Data shown
--- START ---
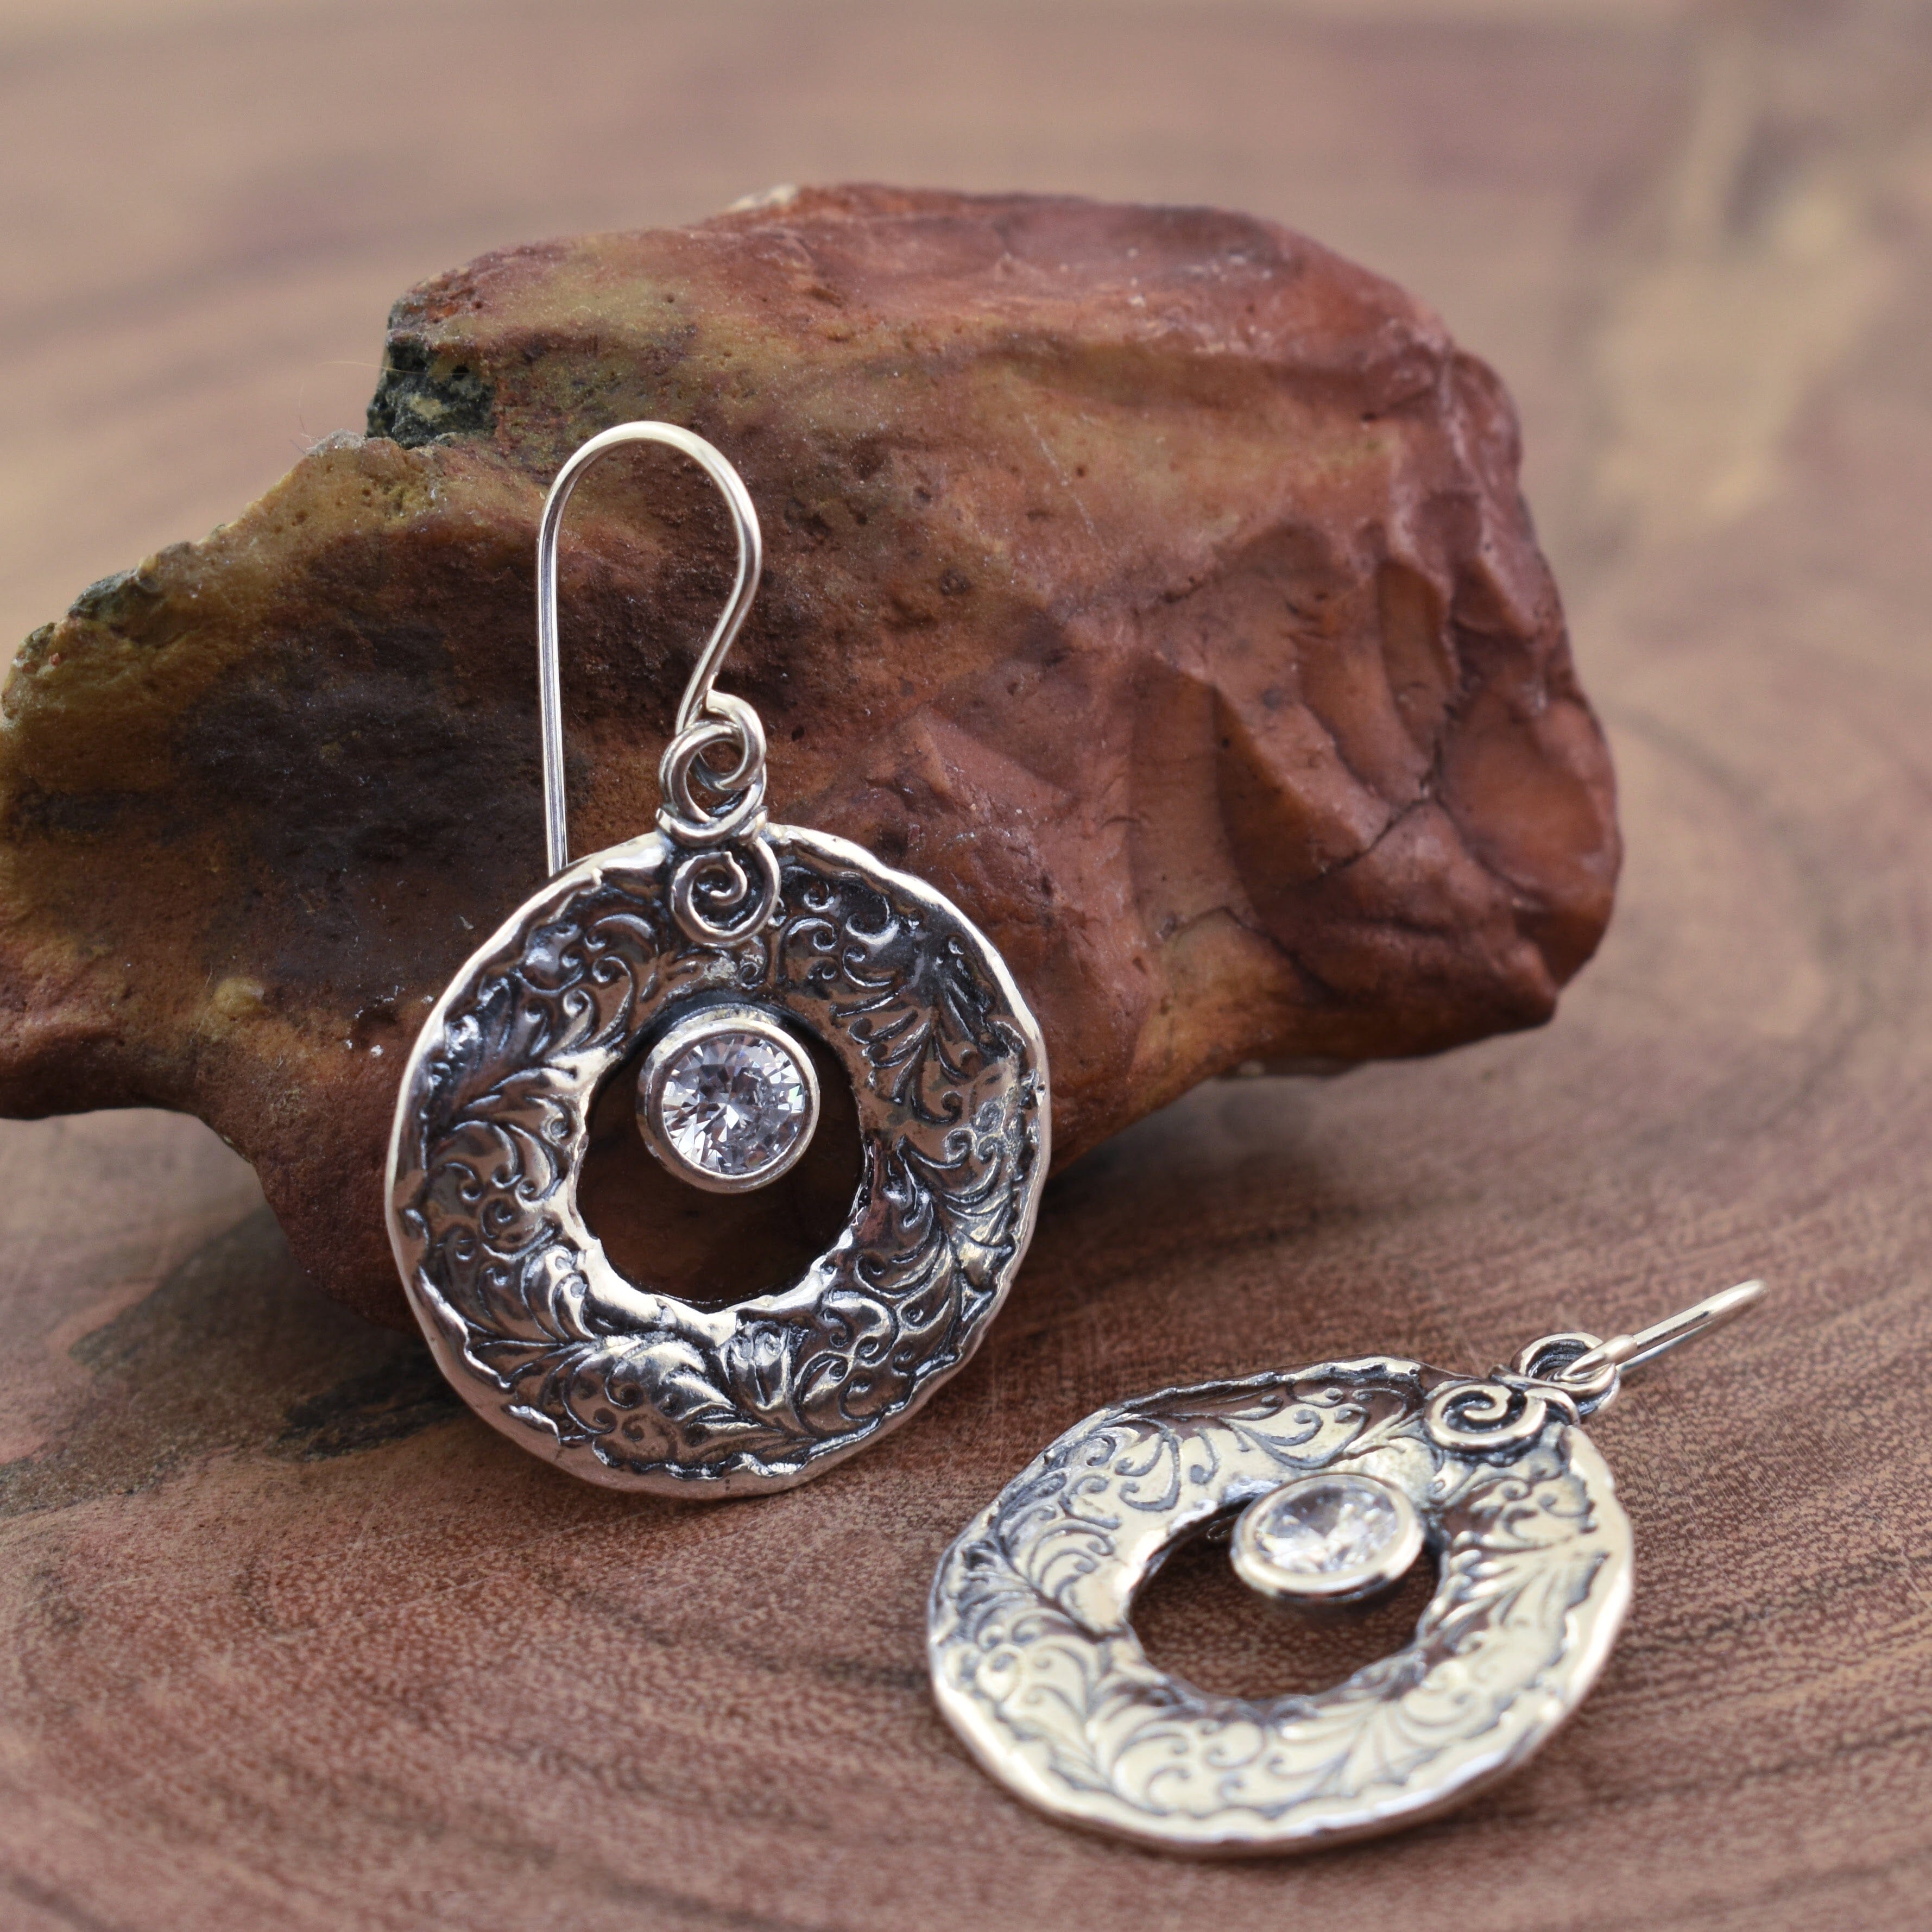 .925 sterling silver and CZ earrings Carpe Diem
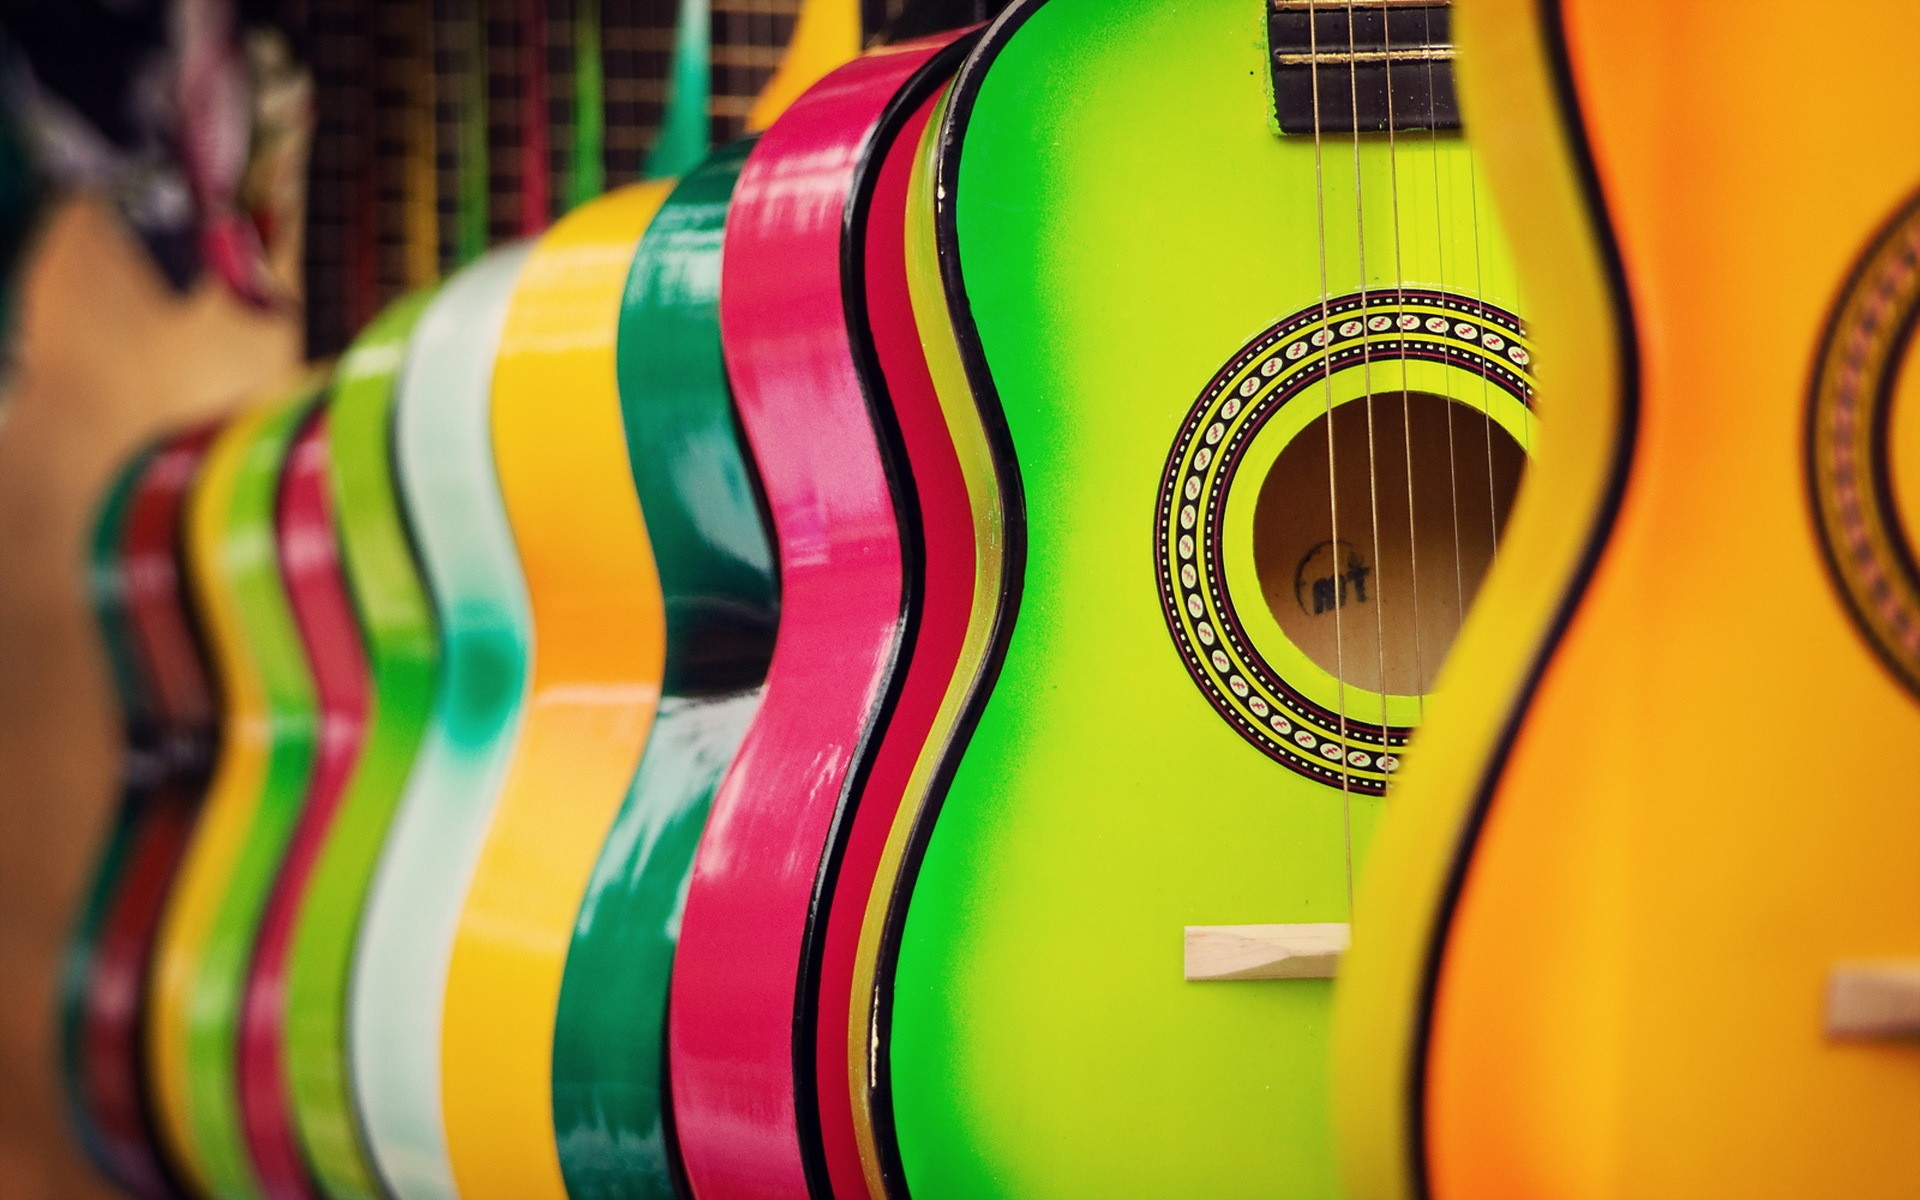 Картинка с цветными гитарами
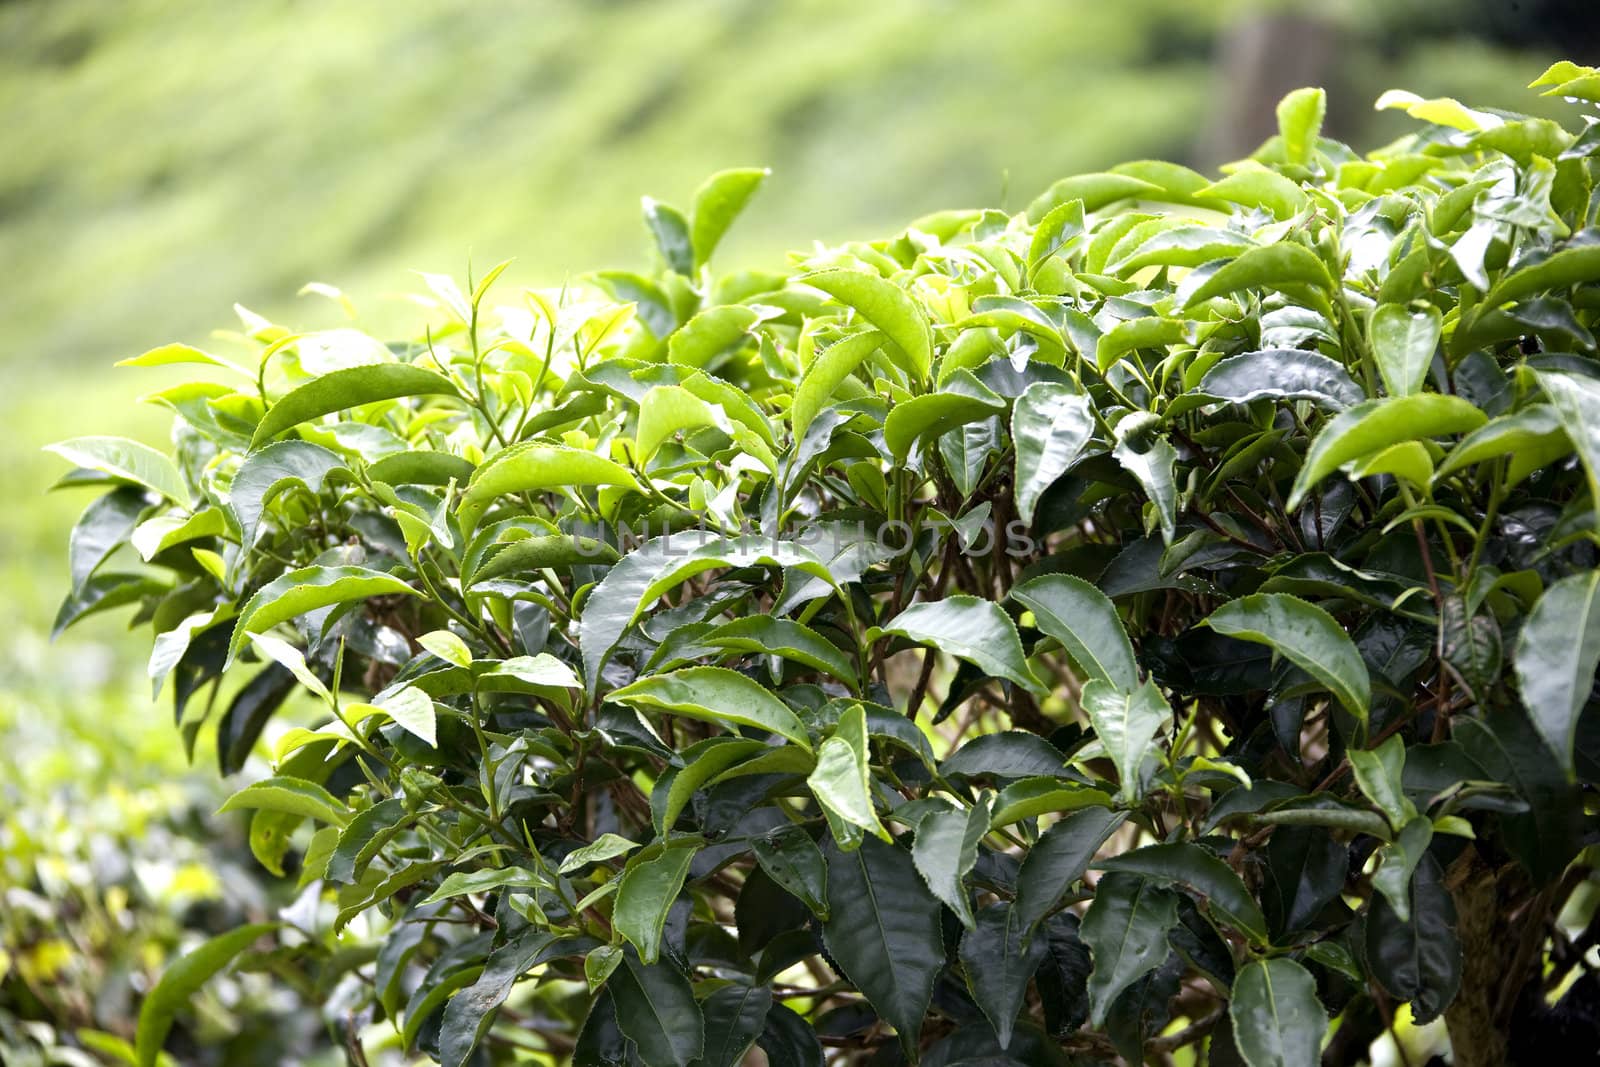 Growing Tea Leaves by shariffc
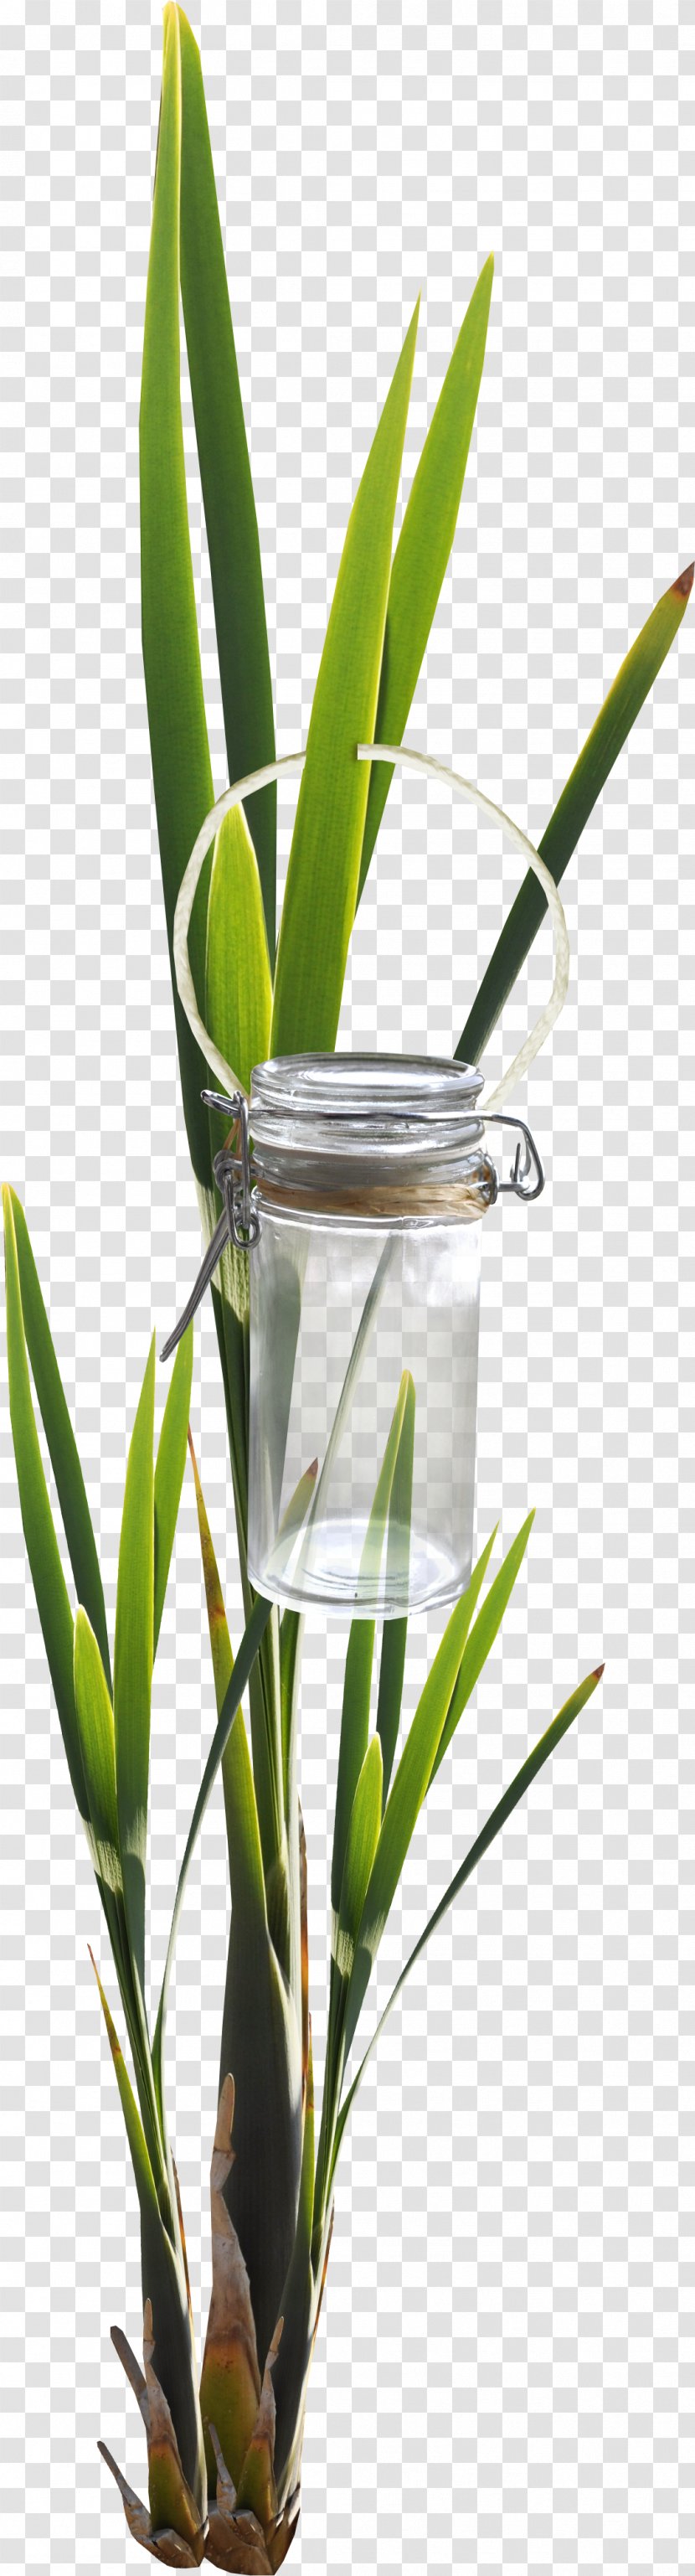 Bottle Leaf Glass Green - Gratis - Foliage Transparent PNG
--- END ---
Work required
Using the material above, return every line exactly as it appears, minus the pictures.

Answer for the task
 .925 sterling silver and CZ earrings Carpe Diem
 Картинка с цветными гитарами
 Growing Tea Leaves by shariffc
 Bottle Leaf Glass Green - Gratis - Foliage Transparent PNG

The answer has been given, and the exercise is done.